Lars Berntzon wrote:That would be even better of course, but the quick checks I have made gives that getting a co2 laser and a laser-head will cost quite a lot.
Then you need some mirror arrangements for directing the light, or do you place the laser tube directly on the Z-axsis location?
Also, isn't co2 much more dangerous than a DVD-laser? They are in the range of 40-100 w, whereas a DVD-laser is probably less than 1 watt?
Regards, Lars
A 40 watt tube is about $100 and another $100 for a power supply. Pretty darn cheap. You use mirrors to bounce the beam to the spot.
A CO2 laser is much safer. The wavelength is far IR so it does not penetrate most things that we consider clear. For example glass, acrylic, and polycarbonate are all 100% opaque to this wavelength. So it is easy to build an enclosure for it. It also cannot penetrate your eye past the cornea, it is impossible to get retinal damage.

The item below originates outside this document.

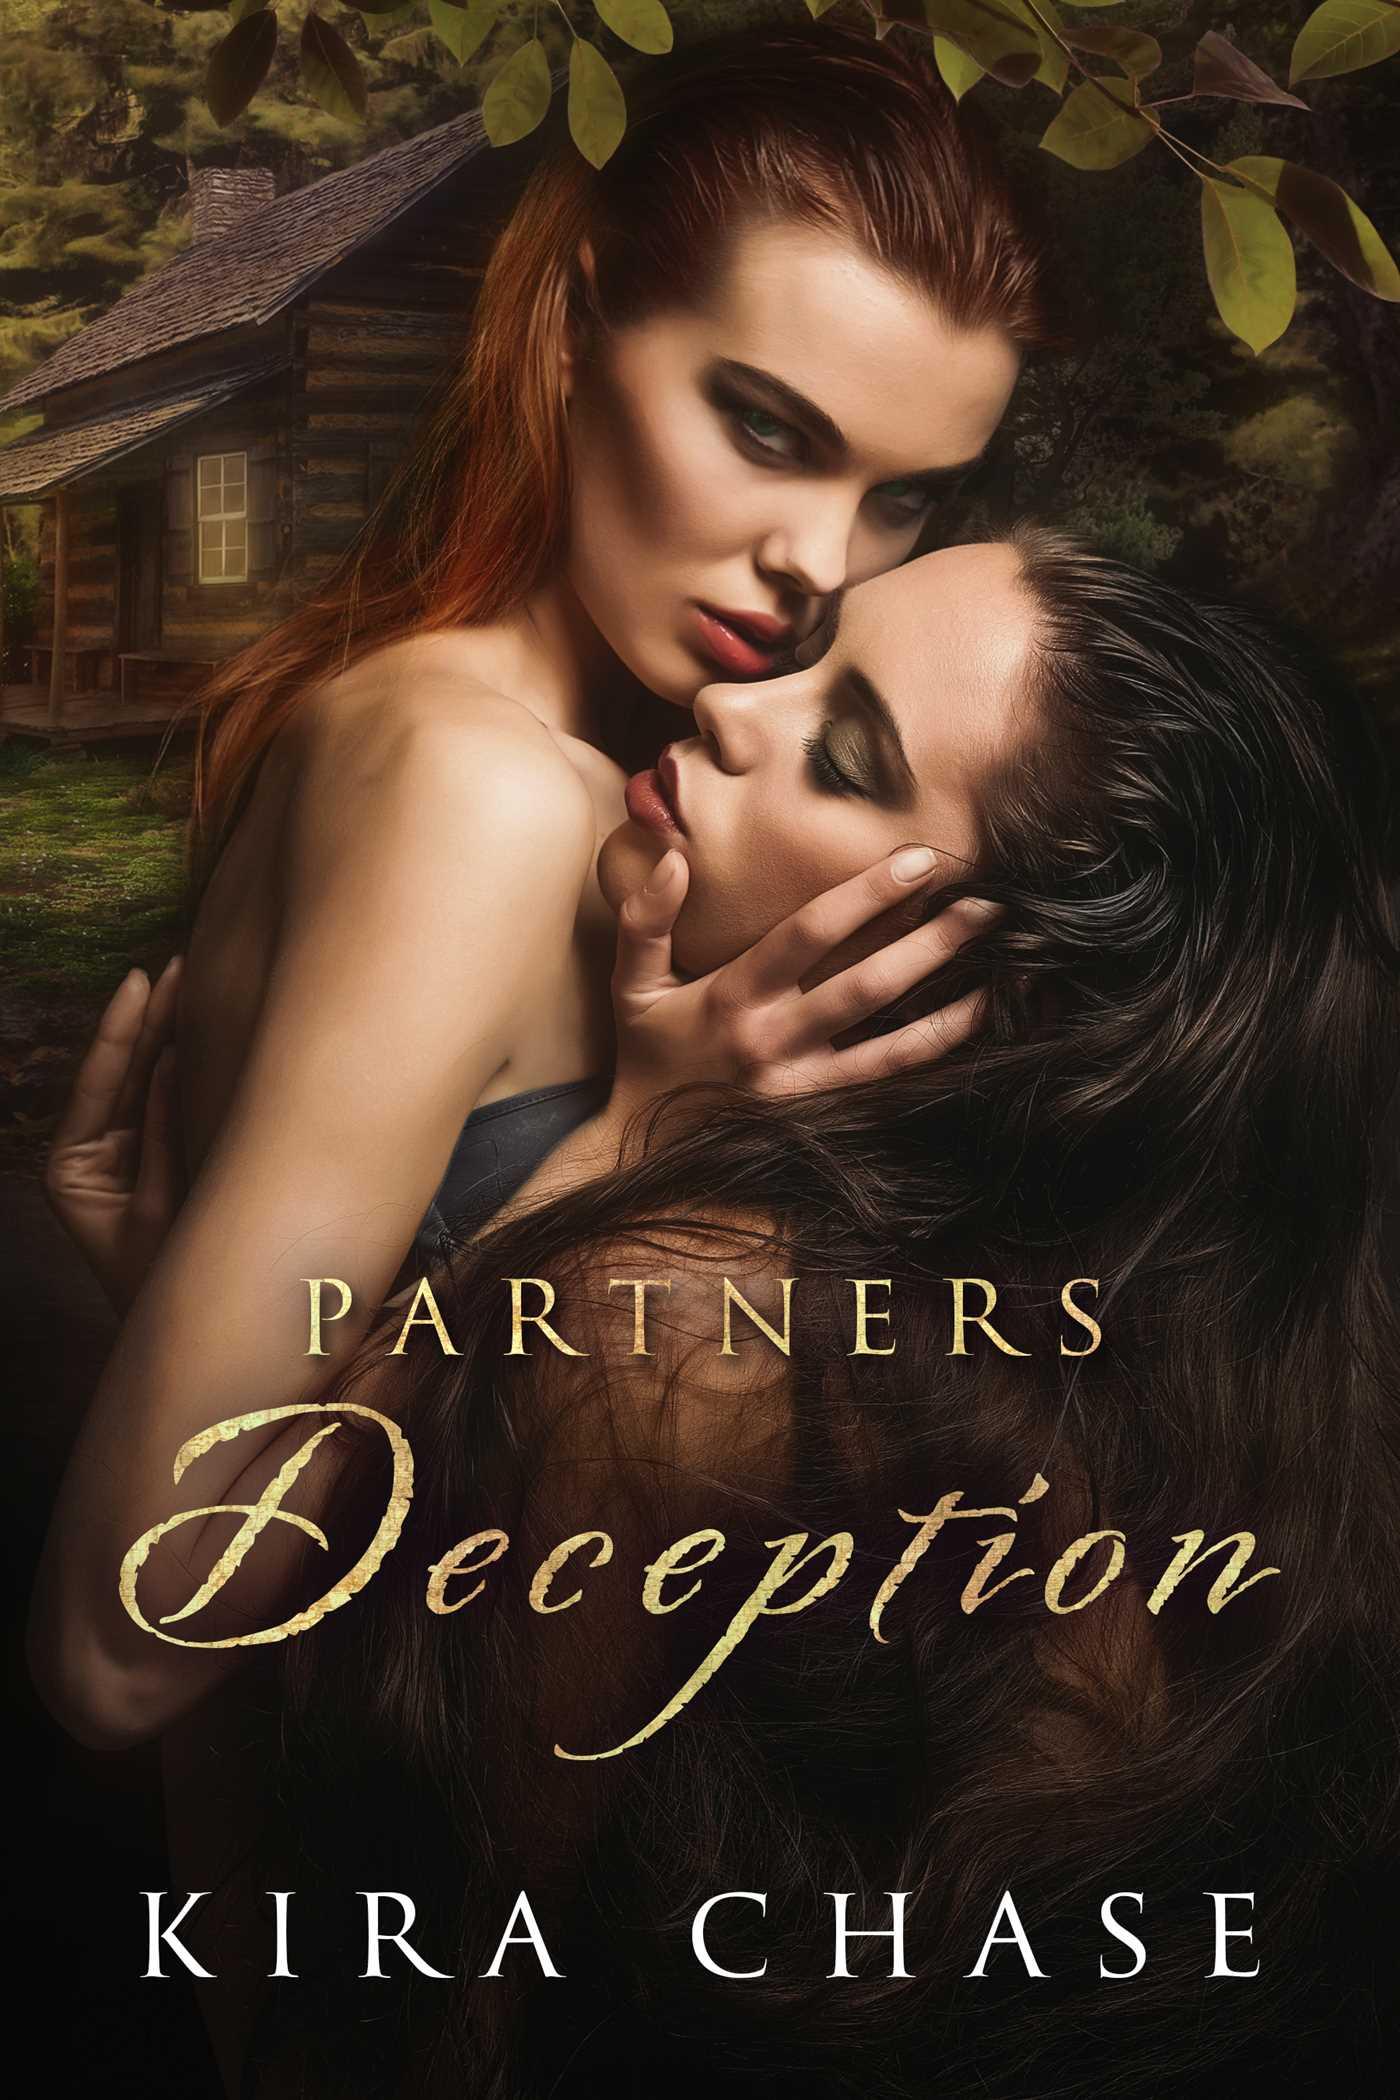 Partners deception 9781682992630 hr

Visible lasers suck for cutting most things and diode lasers are the worst of the bunch. They have horrible beam characteristics that make the spot oblong without correction optics and then they are very difficult to focus down to a small spot, especially the more powerful diodes as they tend to want to run multimode.
Plus at the low power of a DVD or bluray diode you would have such a slow machine it would be almost useless. Light materials would be difficult to cut as well.